For running inference, we use the same script as for validation (which has groundtruth answer), but need to set a dummy groundtruth answer for doing inference. An example of inference/evaluation script is:
```bash
CONFIG_PATH="<NeMo Root>/examples/speechlm/conf/salm"
CONFIG_NAME=salm_llama3.2-1b_fc_linear_peft

export WANDB_API_KEY="xxxx" && \
export CUDA_VISIBLE_DEVICES="0,1" && \
export HF_TOKEN="xxxxxxx" && \
export HF_HOME="/home/xxx/.huggingface/" && \
export HF_HUB_CACHE="/tmp/hf_cache" && \
export NEMO_MODELS_CACHE="/tmp/megatron_dist_ckpts" && \
python speech_to_text_llm_validate.py \
    --config-path=$CONFIG_PATH \
    --config-name=$CONFIG_NAME \
    ~data.train_ds \ # remove training config
    data.common.add_boa_eoa=true \
    data.common.global_batch_size=$GLOBAL_BATCH \
    data.common.micro_batch_size=$MICRO_BATCH \
    data.common.prompt_format='llama3' \  # set to the same value as training
    data.validation_ds.metric.name='bleu' \  # set to `bleu` for enabling LLM decoding into text for evaluation
    data.validation_ds.manifest_filepath=null \
    ++data.validation_ds.input_cfg=$INPUT_CFG \
    data.validation_ds.num_workers=$NUM_WORKERS \
    ++data.validation_ds.batch_size=$MICRO_BATCH \
    ++data.validation_ds.defer_setup=true \
    ++data.validation_ds.use_lhotse=true \
    ++data.validation_ds.use_bucketing=false \
    ++data.validation_ds.batch_duration=null \
    ++data.validation_ds.quadratic_duration=null \
    ++data.validation_ds.bucket_duration_bins=null \
    ++data.validation_ds.shuffle=false \
    ++model.data.validation_ds.force_finite=true  \
    ++model.data.validation_ds.force_map_dataset=true  \
    ++trainer.use_distributed_sampler=false \
    ++resume.resume_from_path=$CKPT_PATH \  # path to the checkpoint to load
    ++data.validation_ds.write_predictions_to_file=true \
    ++data.validation_ds.output_dir=$OUTPUT_DIR \ # directory to save the predictions
    name="${CONFIG_NAME}_run1_eval" \  
    trainer.devices=1 \
    data.common.tokens_to_generate=256 \
    ++model.inference_config.tokens_to_generate=256 \
    ++model.inference_config.temperature=1.0 \
    ++model.inference_config.top_k=50 \
    ++model.inference_config.top_p=0.95 \
    ++model.inference_config.greedy=false \  # set to `true` to use greedy decoding instead of sampling
    ++model.inference_config.repetition_penalty=1.0 \
    ~logger.wandb  # remove wandb logger
```

## Notes
- If you want to drop PEFT, simply add `~model.peft` to the command line arguments.
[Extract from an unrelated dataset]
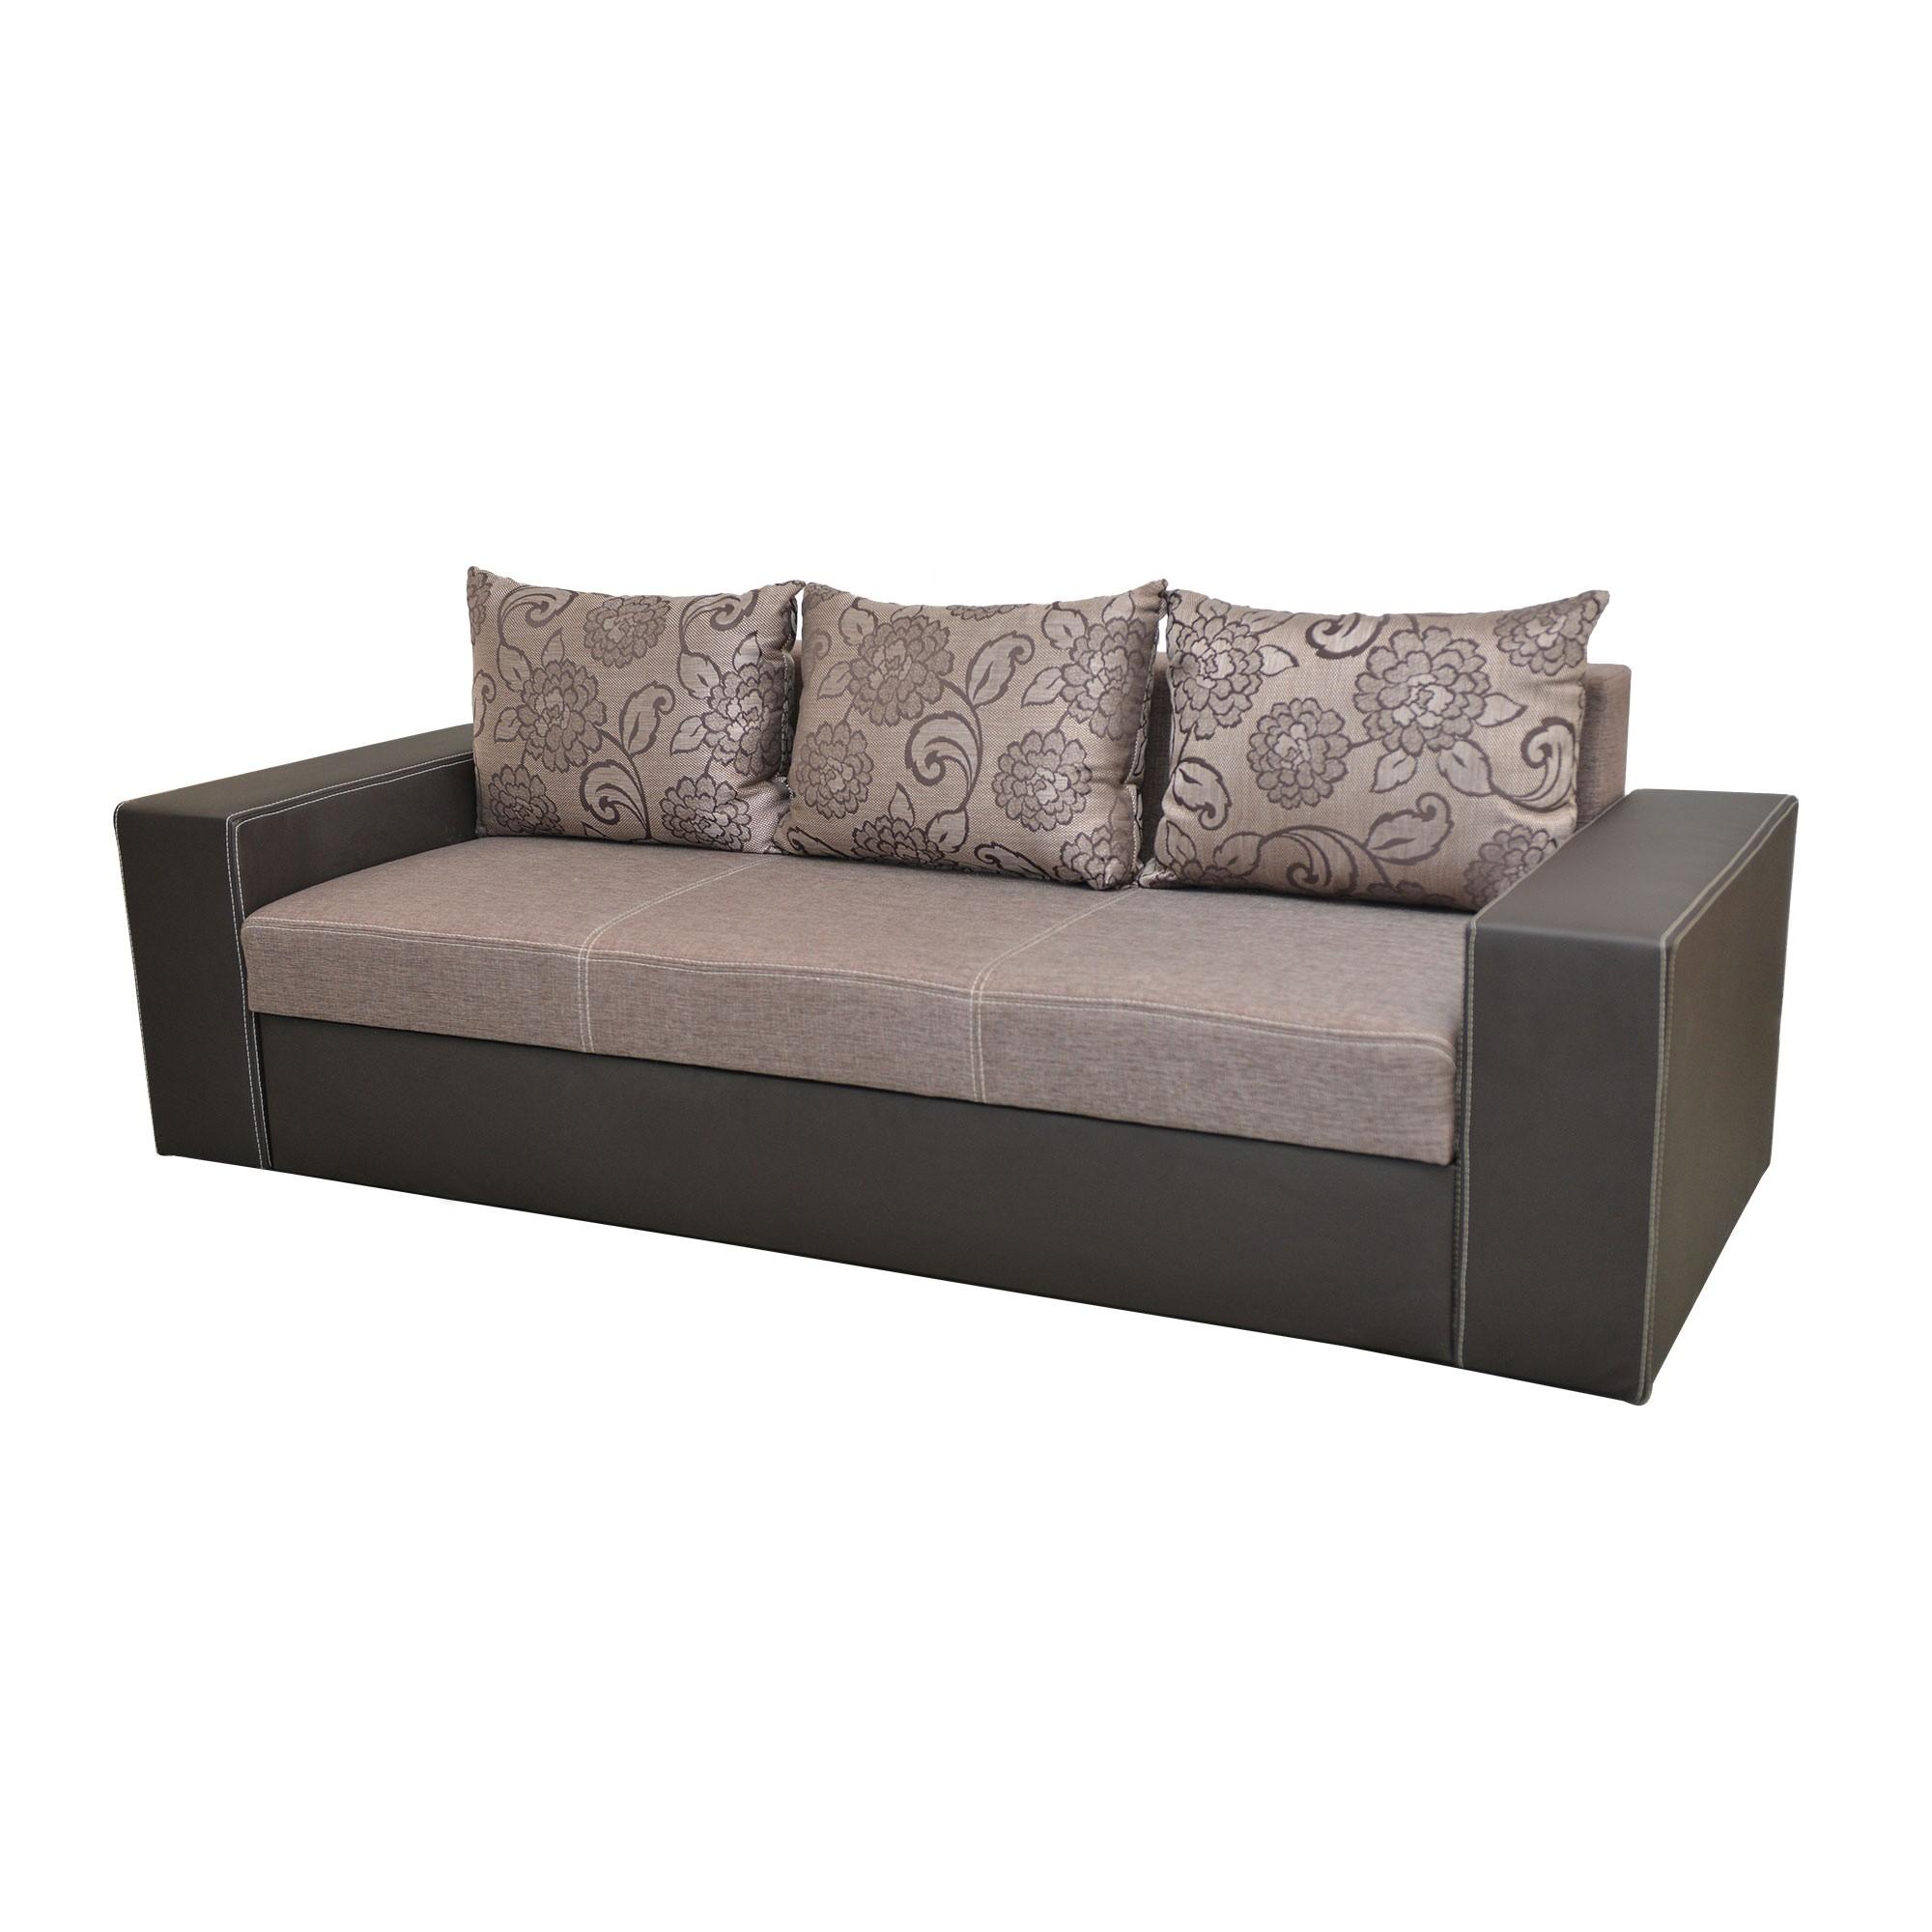 Dedeman canapea cuba varianta 6 3c dedicat planurilor tale for Canapele dedeman

- If you want to freeze/finetune each of the model's components, you can set `model.freeze_language_model`, `model.freeze_speech_model` and `model.freeze_modality_adapter` to `true` or `false` in the command line arguments.
- If you want to use other LLM models that are not in the example config, you can look for them in `nemo/collections/llm/gpt/model` and set the correspondng `model.llm._target_`, `model.llm.config._target_`, then look for their pretrained weights on Huggingface and set `model.llm.pretrained_model` to the corresponding model name.
- If you want to use Whisper encoder, please note that the current implementation in SpeechLM uses the native Whisper model on Huggingface, which pads or trims audios to a fixed 30s duration.